What is the sqaure root of -180x^8
I got 6x^4 i radical 5
me too
Usually the i comes last, though.
what do you mean it comes last
usually a complex number is written a+bi, and coefficients come before variables.
I know it is tempting to put the √5 last so it does not get confused with following numbers, but that's just orthography.
here, a is zero, so just bi:
6√5 x^4 i
To find the square root of -180x^8, we can break it down into two parts: the square root of the magnitude (absolute value) and the square root of the imaginary unit (i).

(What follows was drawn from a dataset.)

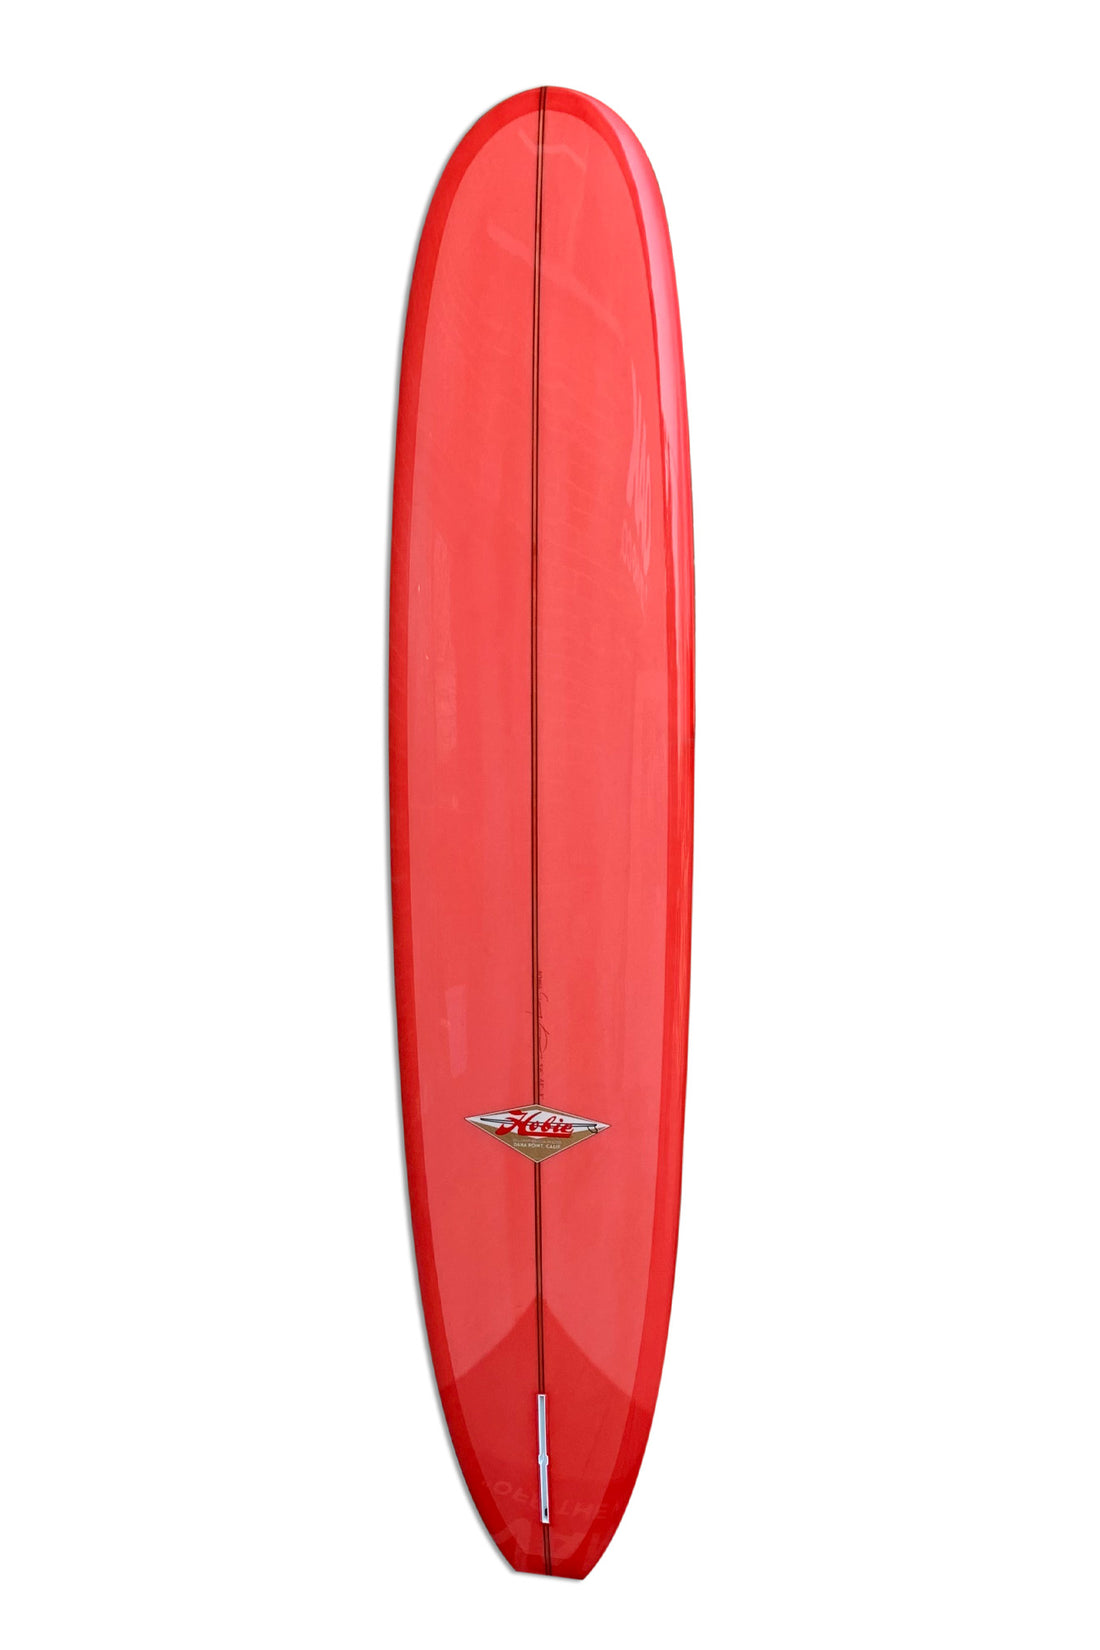 Slime Balls Speed Balls 99a 56mm Brains Orange Yellow Swirl Skateboard –  Quality Surfboards Hawaii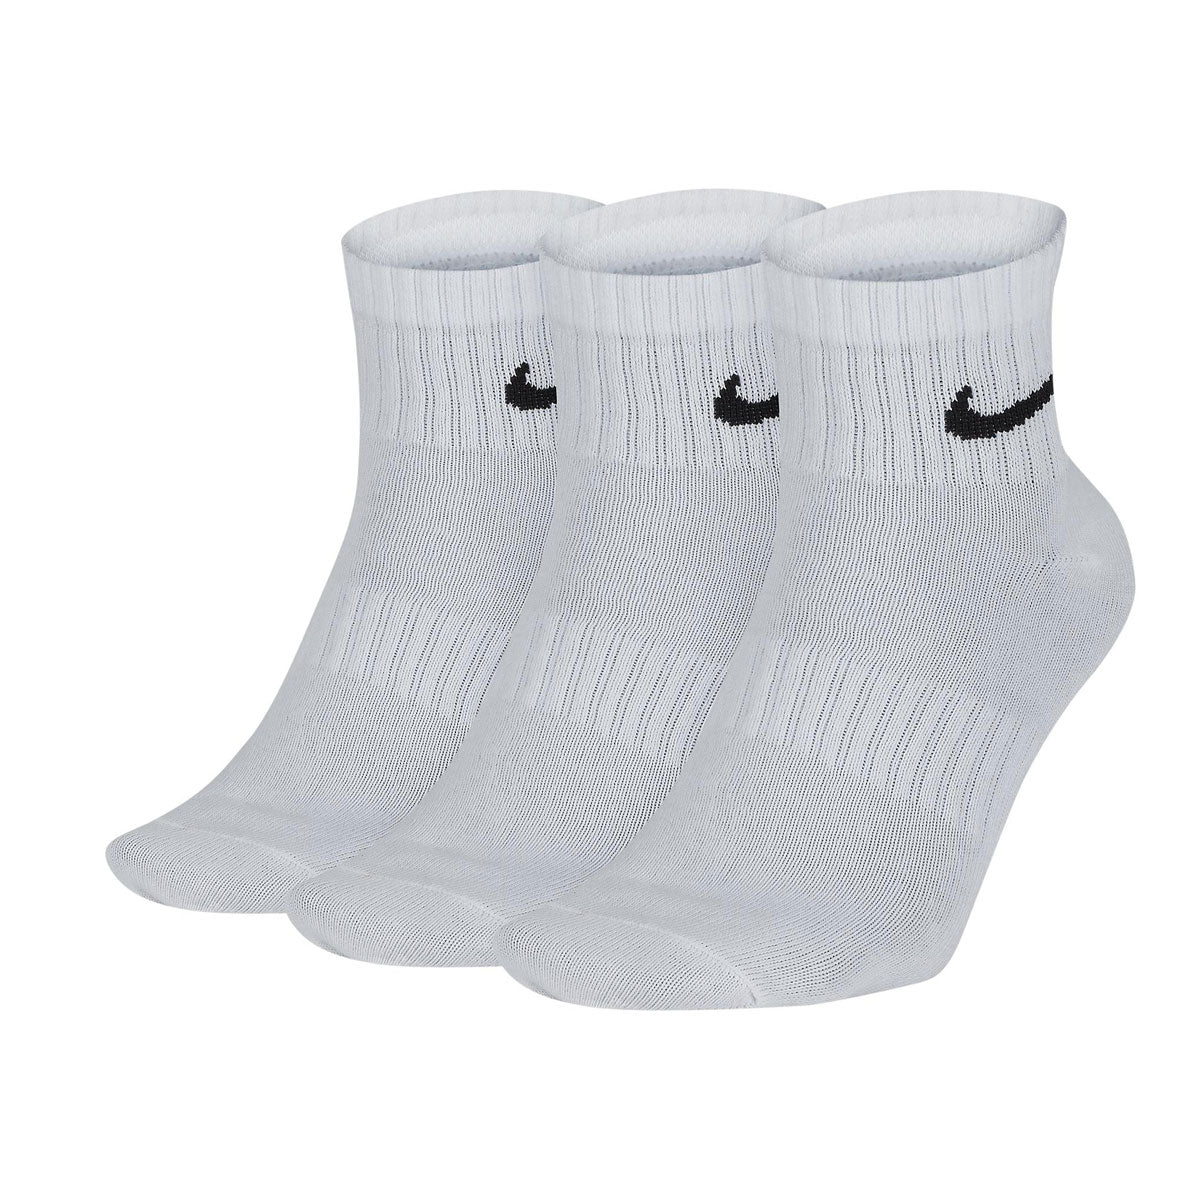 Nike Unisex Training Ankle Socks (3pairs)

First, let's find the square root of the magnitude:
√(180x^8)
To simplify, we can break down 180x^8 into its prime factors.
180 = 2^2 * 3^2 * 5
x^8 = (x^4)^2
Therefore, √(180x^8) becomes:
√(2^2 * 3^2 * 5 * (x^4)^2)
√(2^2) * √(3^2) * √(5) * √((x^4)^2)
2 * 3 * x^4 * √5
6x^4√5
Now, the square root of the imaginary unit i:
√i
The square root of i can be represented as:
√i = (√2/2 + √2/2i)
Finally, combining the square root of the magnitude and the square root of the imaginary unit, we get:
6x^4√5 * (√2/2 + √2/2i)
Therefore, the square root of -180x^8 is 6x^4√5 * (√2/2 + √2/2i).